= Party of New Forces (Belgium) =

Belgian political party

Party of New Forces (Parti des forces nouvelles, /fr/, PFN) was a Belgian far-right political party active in Wallonia. Although they share a name it is not directly connected to the Party of New Forces in France.

==Emergence==
The PFN first emerged in 1975 under the name Forces Nouvelles, initially operating as a coalition of like-minded extremists rather than a political party. Early members of the group had come from the Front de la Jeunesse. Its early years were dominated by internal struggles, resulting in the group doing little publicly between 1975 and 1980 due to this strife.

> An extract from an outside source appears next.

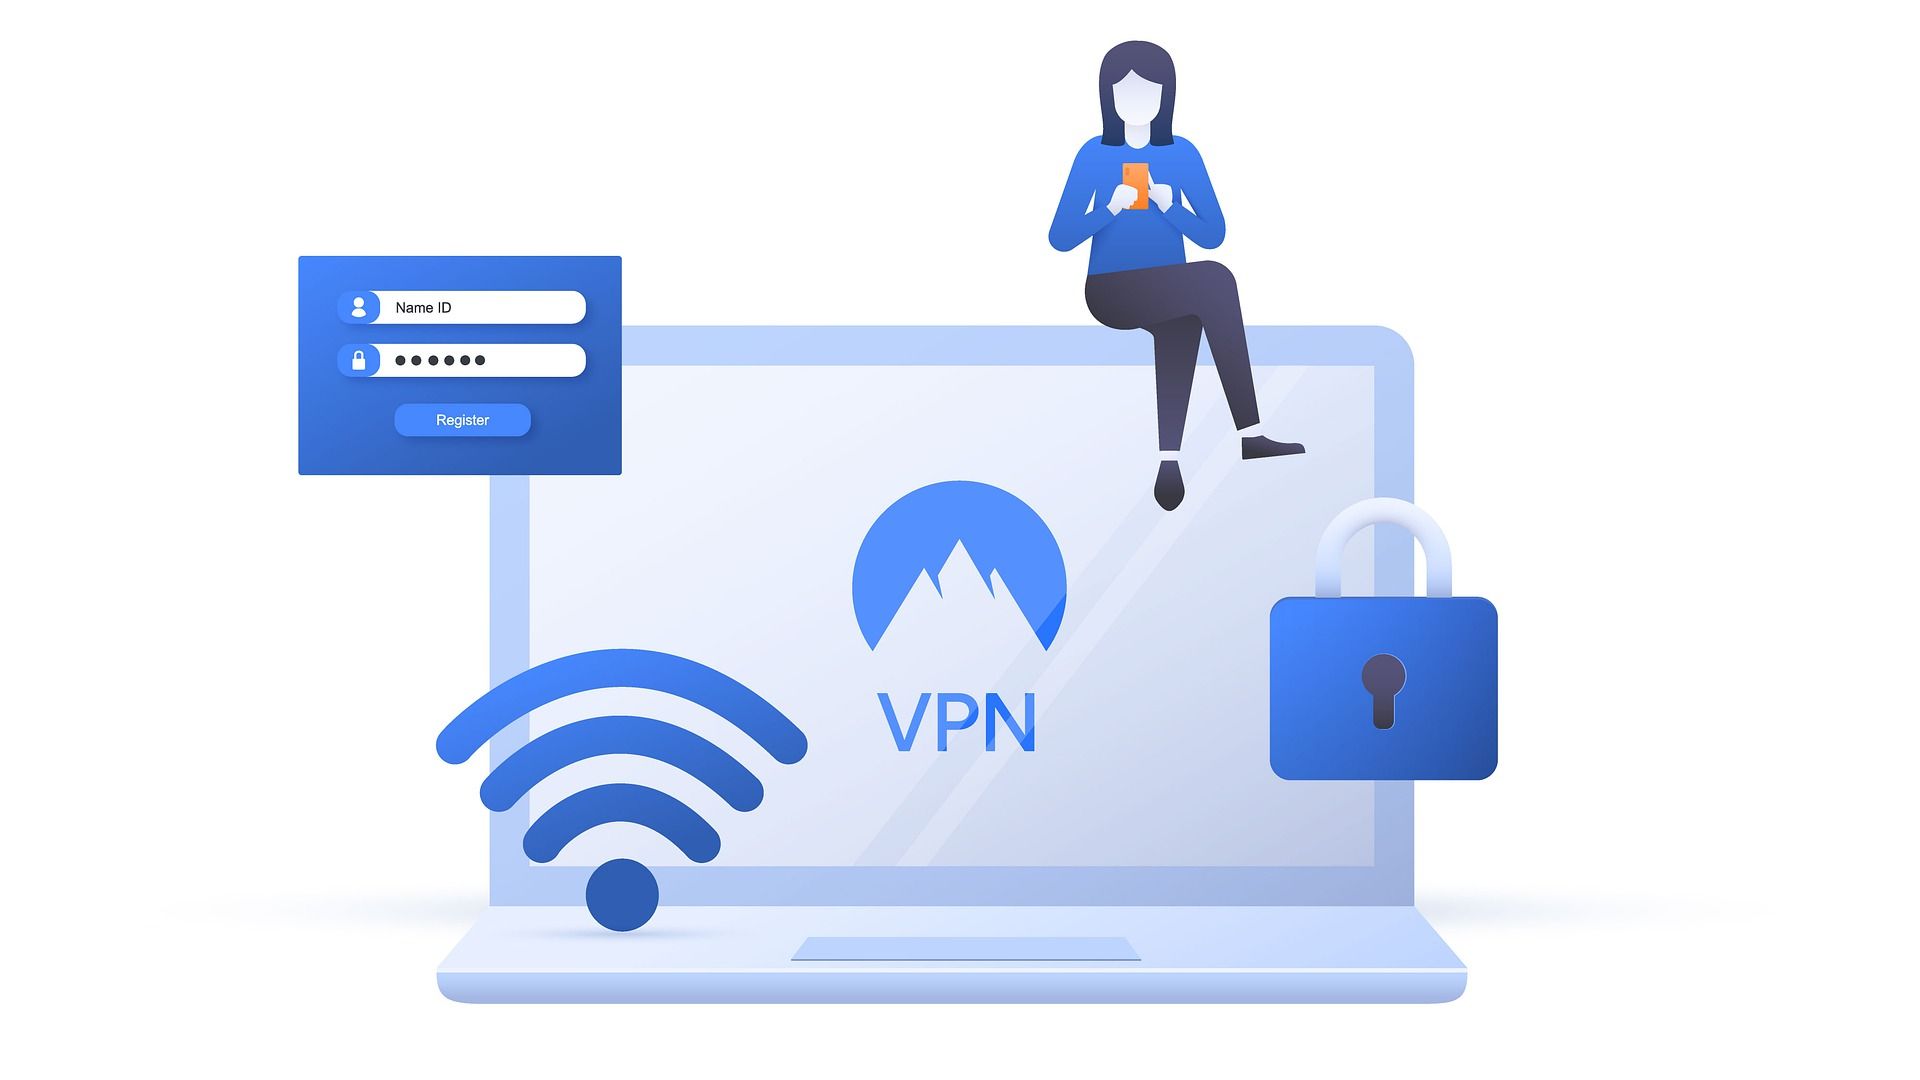 NordVPN helps you stay safe on in the internet

In 1979 the group was instrumental in the formation of Eurodroite, an alliance of European far-right political parties that also included the Italian Social Movement (MSI), the French PFN and Fuerza Nueva amongst others.

==Ideology==
Ideologically the party tended towards the neo-fascist or neo-Nazi end of the far-right and sought early contact with the MSI. It celebrated the heritage of Rexism and shared with it contempt for parliamentary democracy and support for corporatism in economics. The group also adopted a strongly anti-American strain to its discourse. Whilst anti-immigration has been at the centre of its appeal the PFN has also focused on anti-Semitism and has been active in promoting Holocaust denial. Its anti-immigrant rhetoric frequent included calls to biological racism. Repatriation of immigrants was a central part of their position. The group has also campaigned vigorously against abortion.

==Elections==
The group contested the 1989 regional elections but failed to attract much support, capturing only 1.1% of the vote in Brussels. The PFN spent much of the 1980s competing with the Front National for votes and tended to come off worse. Thus in Brussels in 1985 the PFN won 0.7% of the vote to the FN's 0.5% (the FN having been formed only that year) but by the 1988 municipal elections this had shifted to 0.5% for the FN to 0.9% for the FN whilst by 1991 the FN had won seats in the Chamber of Representatives. Nonetheless, it did manage to gain pockets of local support, with its vote rising as high as 15% in some districts.

==Decline==
The PFN supported the use of publicity stunts in order to raise its profile and took a stand at the Brussels International Book Fair where its stock of Holocaust denial material attracted police attention. A scuffle broke out when the police attempted to remove the stall, with the incident widely covered in the Belgian press. The incident however exacerbated internal divisions and in 1989 Willy Freson and the Liège group of the PFN split to form their own movement, Agir. Robert Destrouder, a member of the PFN secretariat, also switched over to this new group.

After 1989 the PFN continued to decline, with many party members switching allegiance to the FN thereafter. Having been seriously weakened by these splits and having failed to make any headway in the elections it contested the PFN formally dissolved in 1991. Following its disappearance some members joined the Walloon Regional Front, a short-lived group that was itself absorbed by the FN in 1993 whilst others went into a new group, Renouveau Nationaliste (formed in 1993), a group closely associated with the French and European Nationalist Party.